START DATA EXTRACT

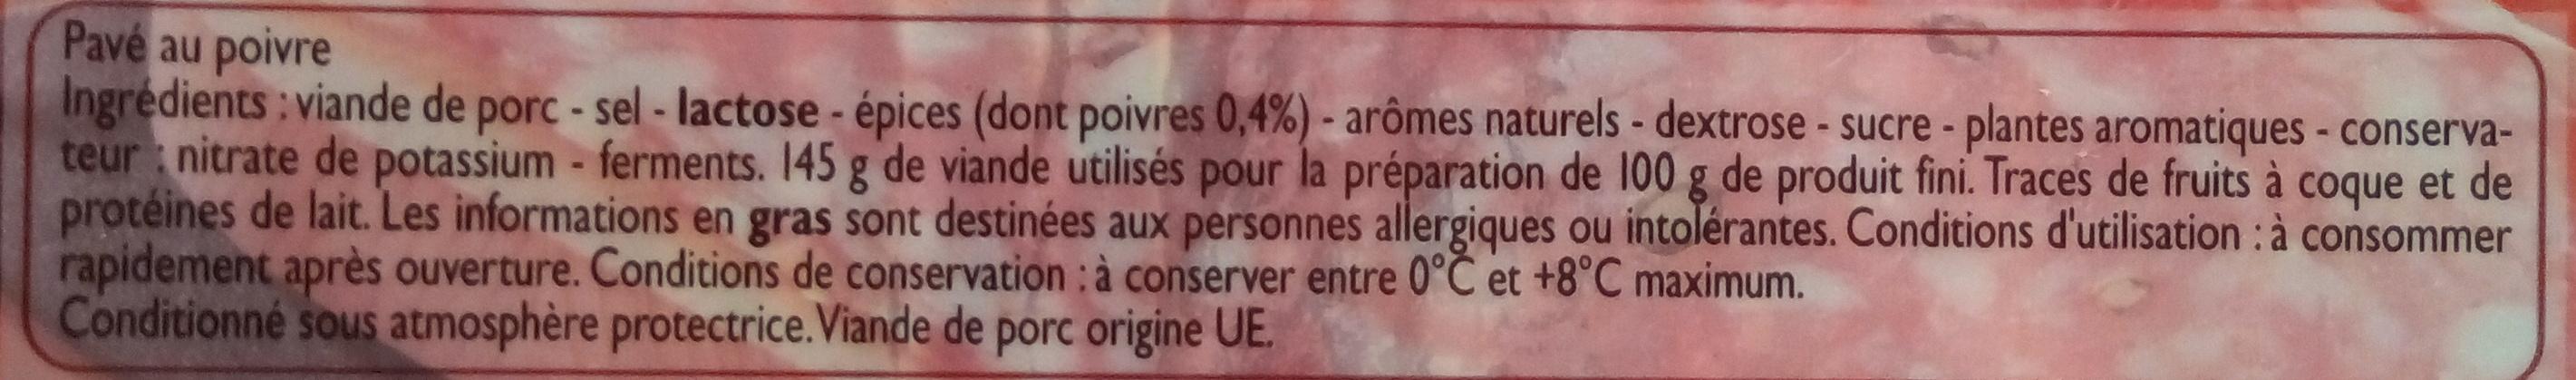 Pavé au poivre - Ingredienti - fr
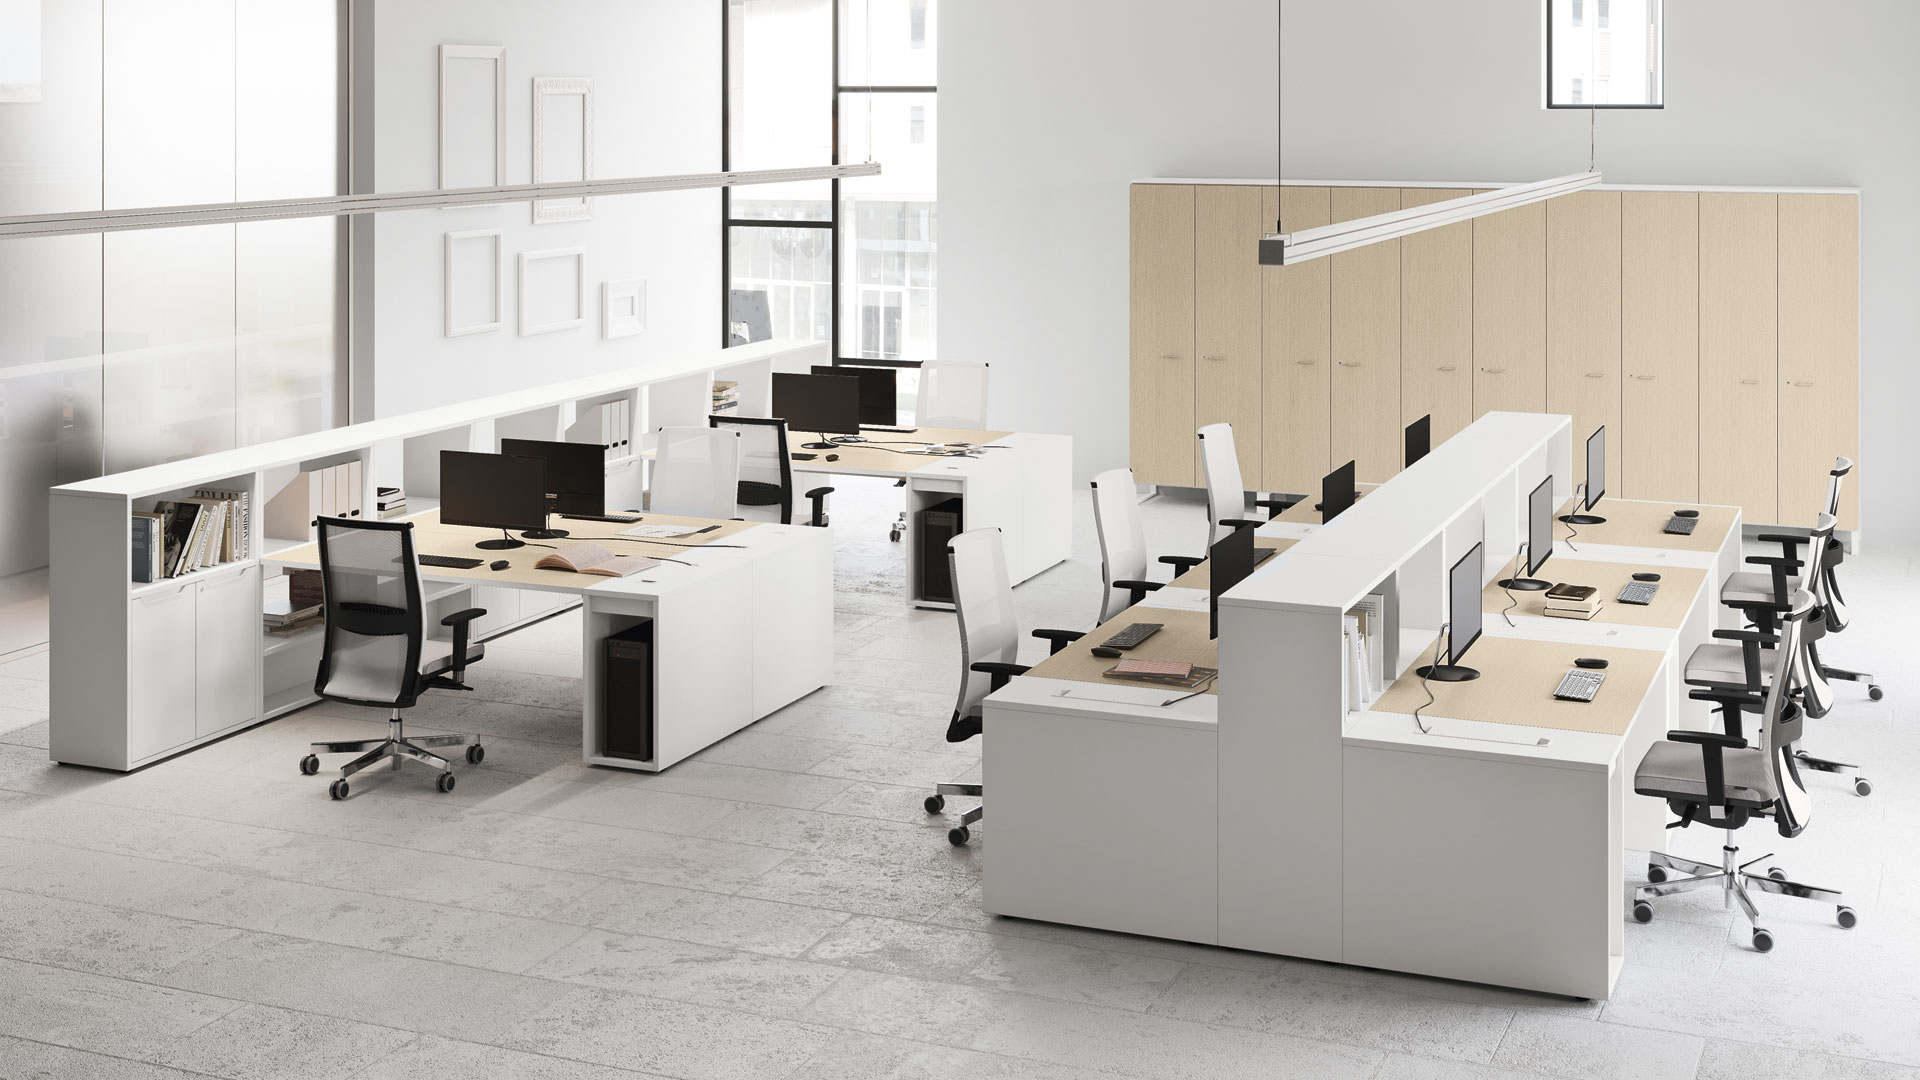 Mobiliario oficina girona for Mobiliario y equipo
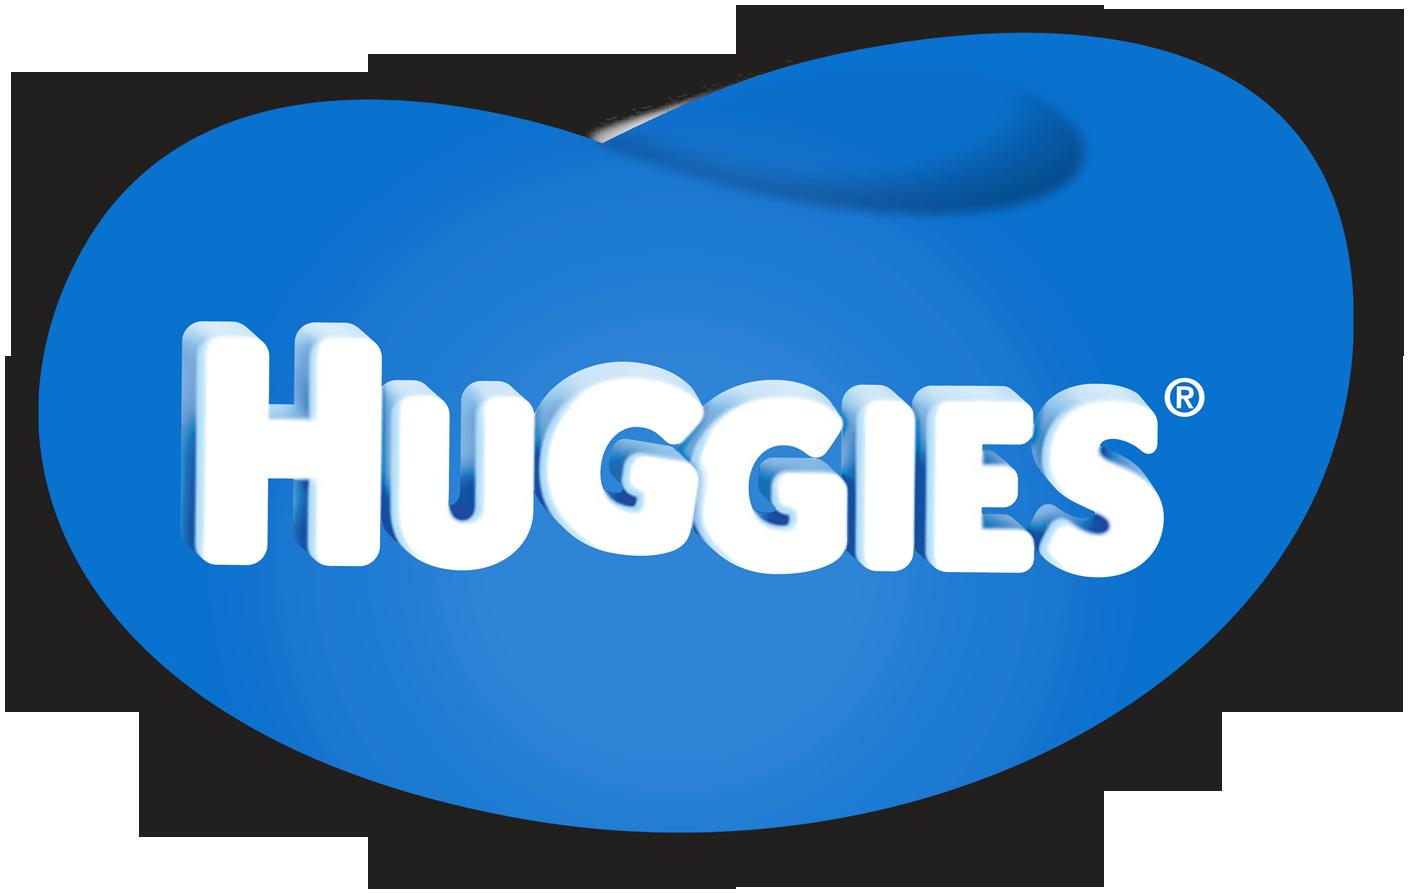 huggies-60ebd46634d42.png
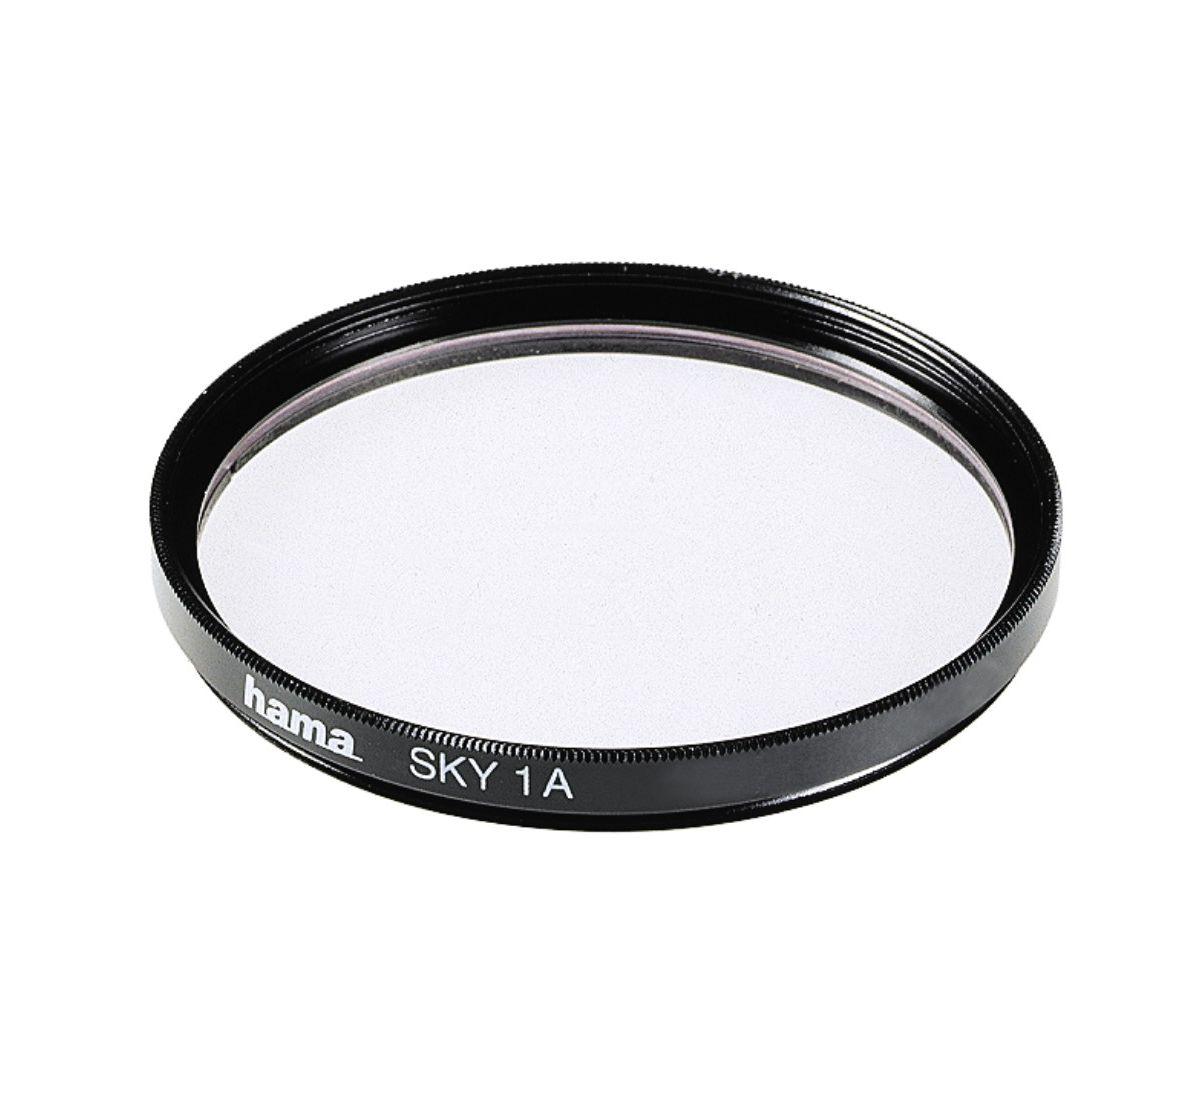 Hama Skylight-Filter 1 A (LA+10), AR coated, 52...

END DATA EXTRACT

TASK GOAL » Would you retype the material exactly, omitting each picture?

FINAL ANSWER »
 Pavé au poivre - Ingredienti - fr
 Mobiliario oficina girona for Mobiliario y equipo
 huggies-60ebd46634d42.png
 Hama Skylight-Filter 1 A (LA+10), AR coated, 52...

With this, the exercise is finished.